There is no mystery about the performances here: these are accomplished actors reveling in their chances. Two performances beg for singling out.

While we only hear him in Act 1 before finally seeing him after intermission, Thomas Edward Daugherty as the (extremely well-named) Victor Pratt, takes a well-known type — the nitwit self-involved actor — and conveys his bumptious combination of ego and eternal confusion not so much through predictable voice and double-takes, but marvelous facial calisthenics and physical gestures.

There are several predicaments Pratt slowly becomes aware of. Dawning realization raced across Daugherty’s face, puzzled confusion slowly changing in his expression to something approaching the 20-watt amount of self-knowledge Pratt can muster.

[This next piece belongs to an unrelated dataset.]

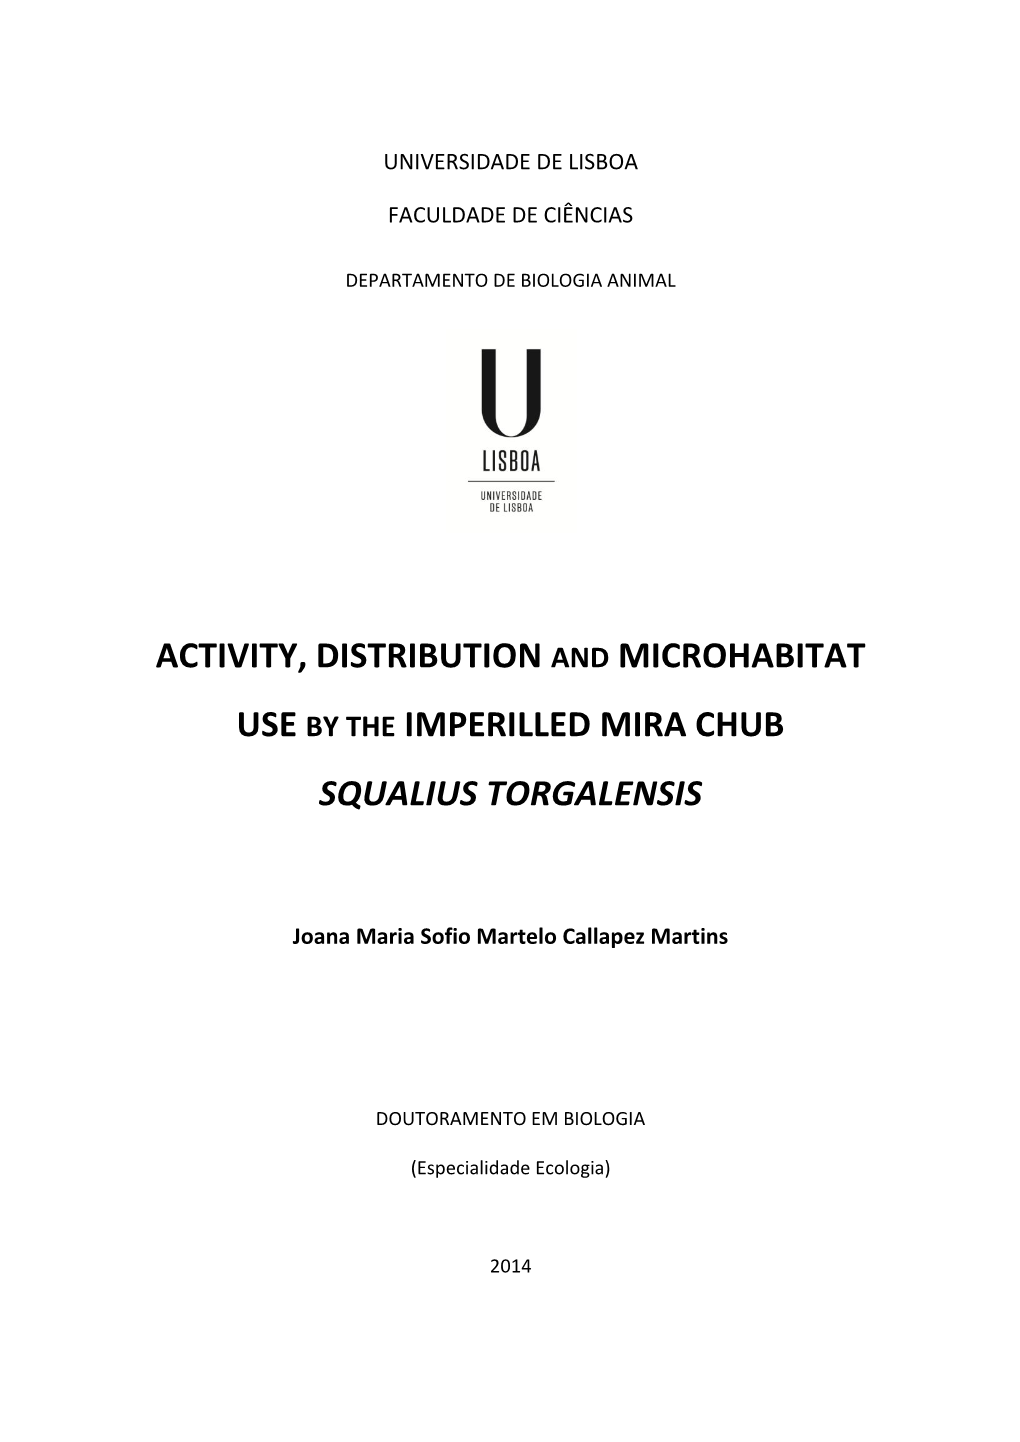 Activity, Distribution and Microhabitat Use by the Imperilled Mira Chub Squalius Torgalensis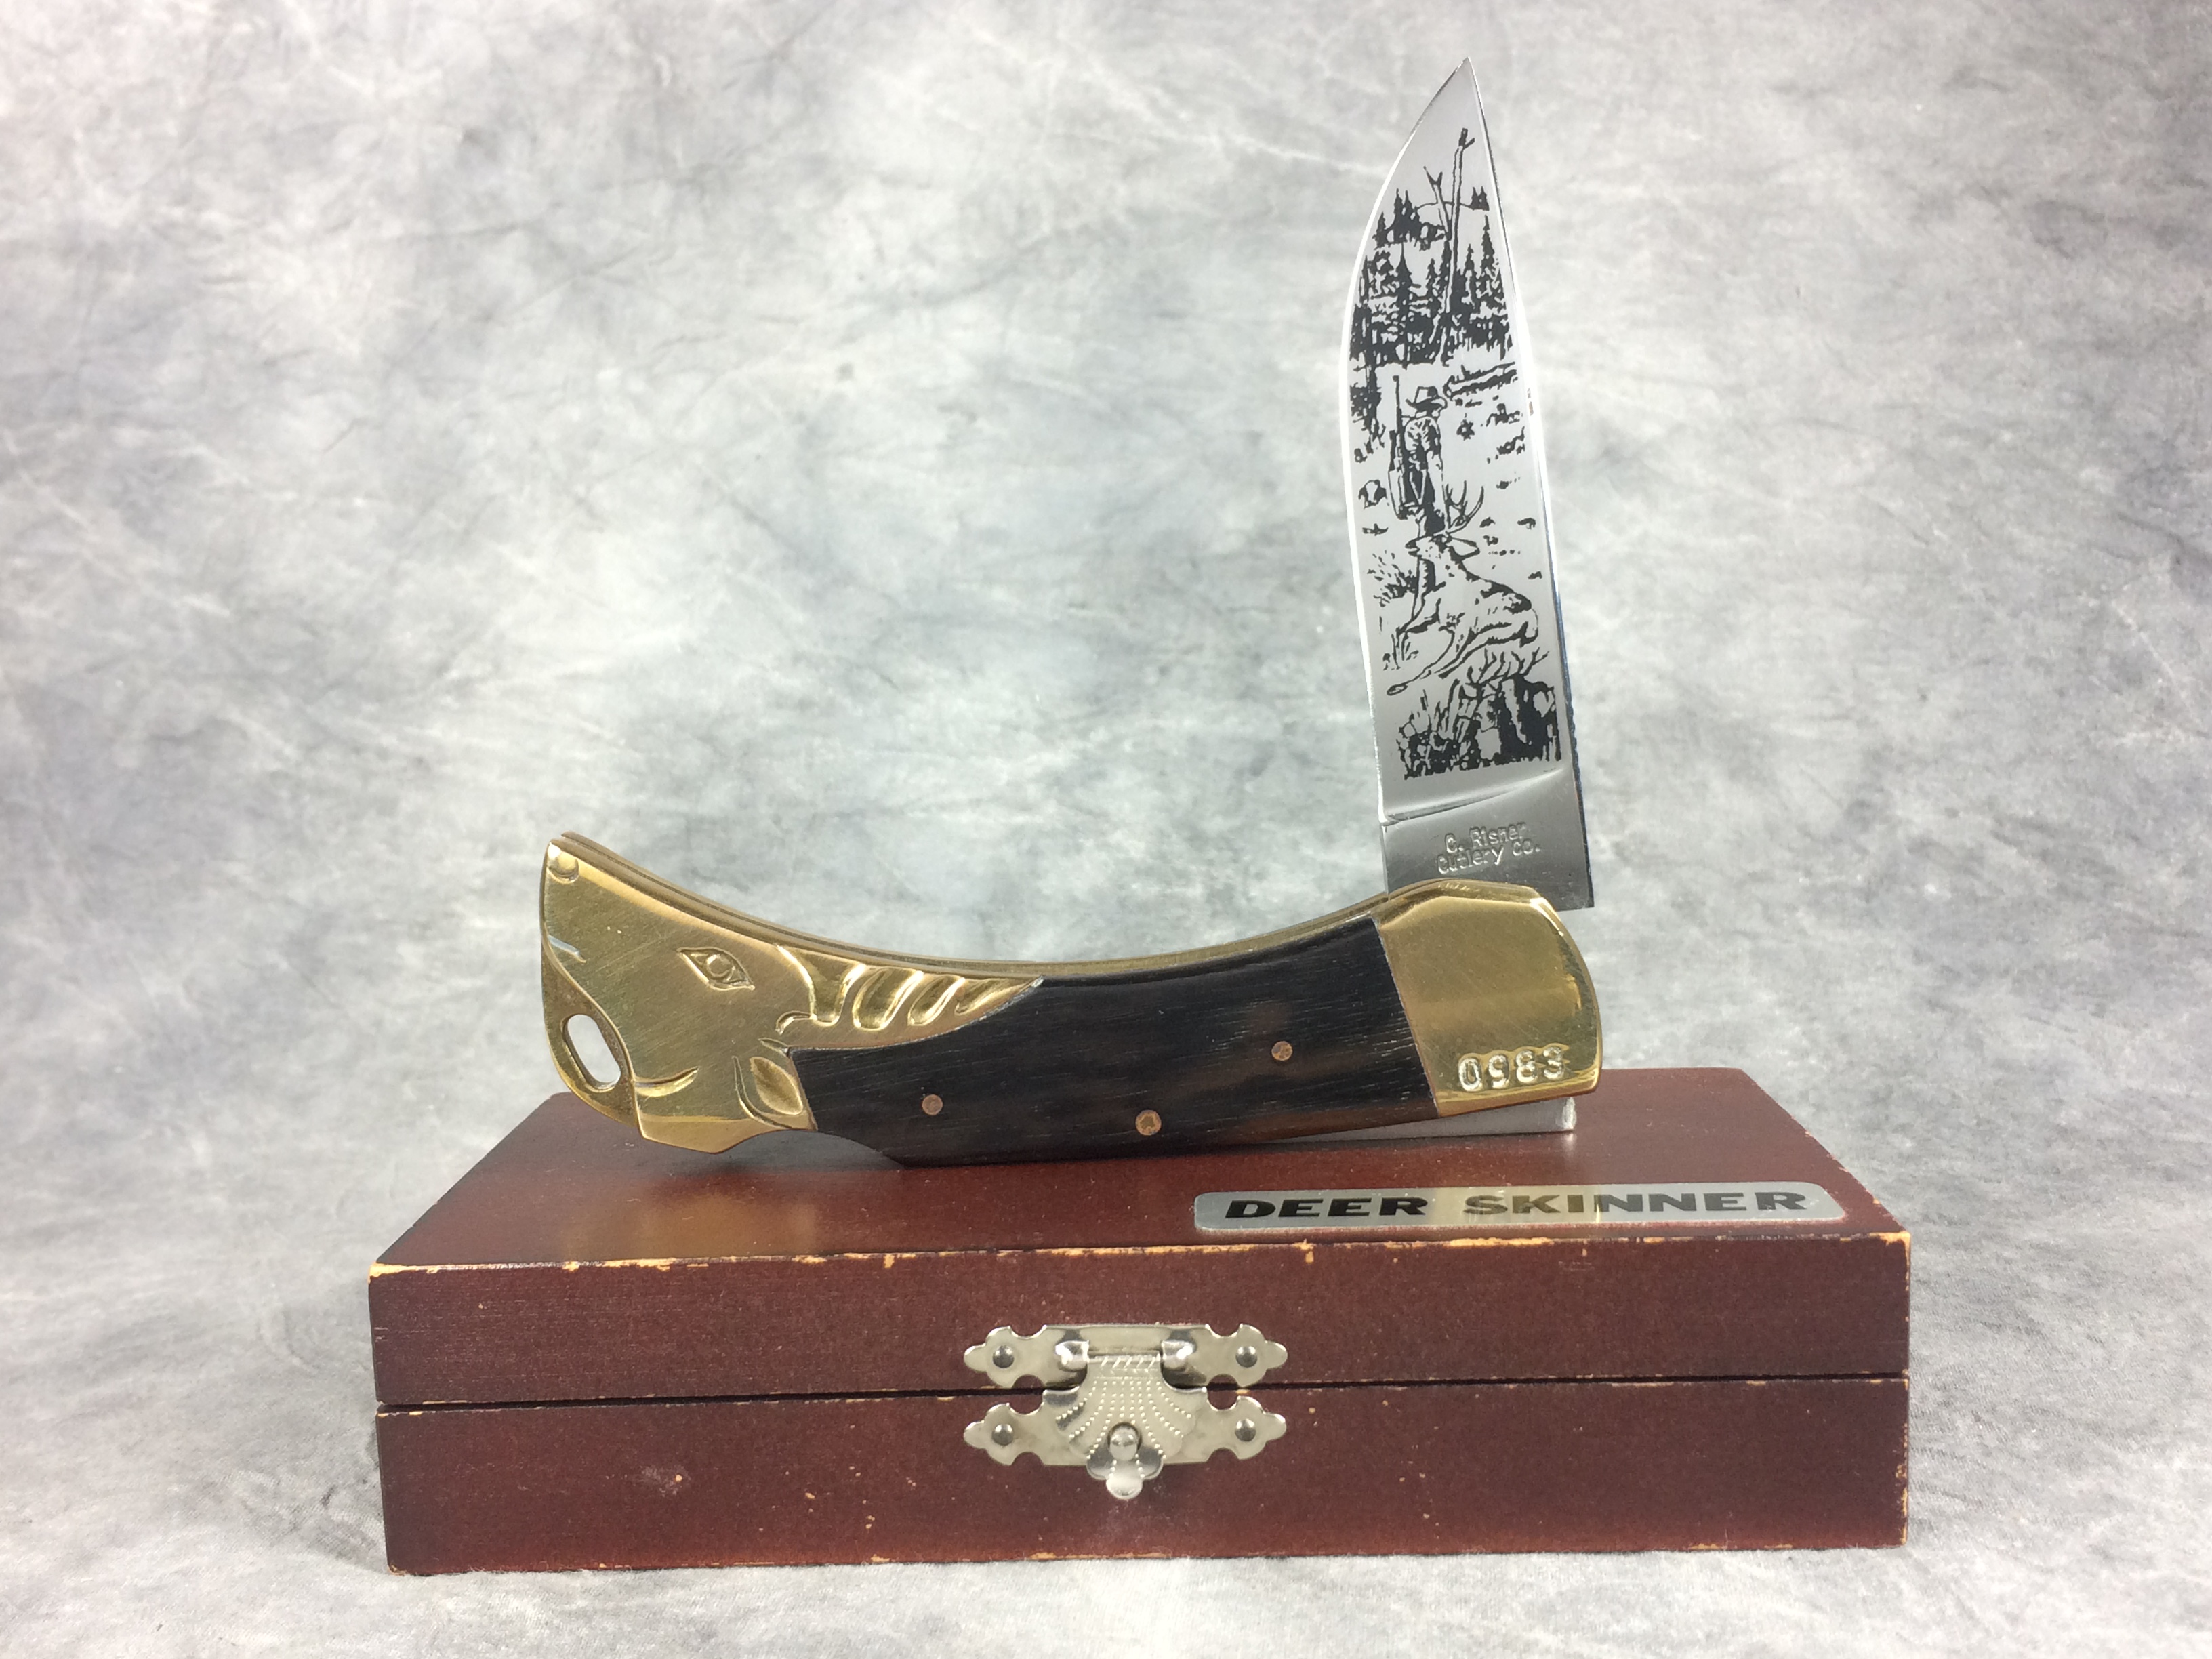 What is a C. RISNER CUTLERY CO Deer Skinner Limited Edition Sing

Equally, Daughtery/Pratt deeply taps this same self-absorption with reflexive and faint semi-bows during a staged rehearsal of sorts, beaming to his imagined audience … the natural self-absorbed reactions of a fatuous ham gleaming in an imagined limelight.

Erin Noel Grennan as Olga the maid has the unfair advantage with so many laugh lines written to land from her mouth. But Grennan earns them with a pliant comic, baleful mask of resigned resentment, plus an accent that isn’t quite as severe as Natasha from the old “Rocky and Bullwinkle” cartoons but headed there.

That’s fine, but what really elevates the performance comes later when Grennan/Olga unexpectedly grows and flowers as events reach their culmination. Somehow, the actress both keeps dubious Olga still in place, but also reveals her emotional depths. Her exit line, a fervent and honest cry of self-knowledge mock despair, both shakes her to the core and also knocks out the (real) audience!

Early in Sunday night’s opening act, Olga dourly pronounced “OK, I am going,” only to be confronted by a stuck door. After a slight tussle yanking it open, she declared in even more adamant character voice, “I am NOW going!”

The ad-lib busted up the (real) audience, earning even a fleeting character-breaking appreciative grin from another actress.

Spend time at this show and you’ll appreciate how well everything else operates so perfectly well.

‘The Angel Next Door’

Rating: 3 1/2 stars (out of a possible 4)

Where: Laguna Playhouse, 606 Laguna Canyon Road, Laguna Beach

When: Through Nov. 5. 7:30 p.m., Wednesday-Fridays, 2 and 7:30 p.m. Saturdays, 1 and 5:30 p.m. Sundays. Added performances at 2 p.m. Thursday, Oct. 26 and at 7:30 p.m. Tuesday, Oct. 31. No 5:30 p.m. performance on Sunday, Nov. 5.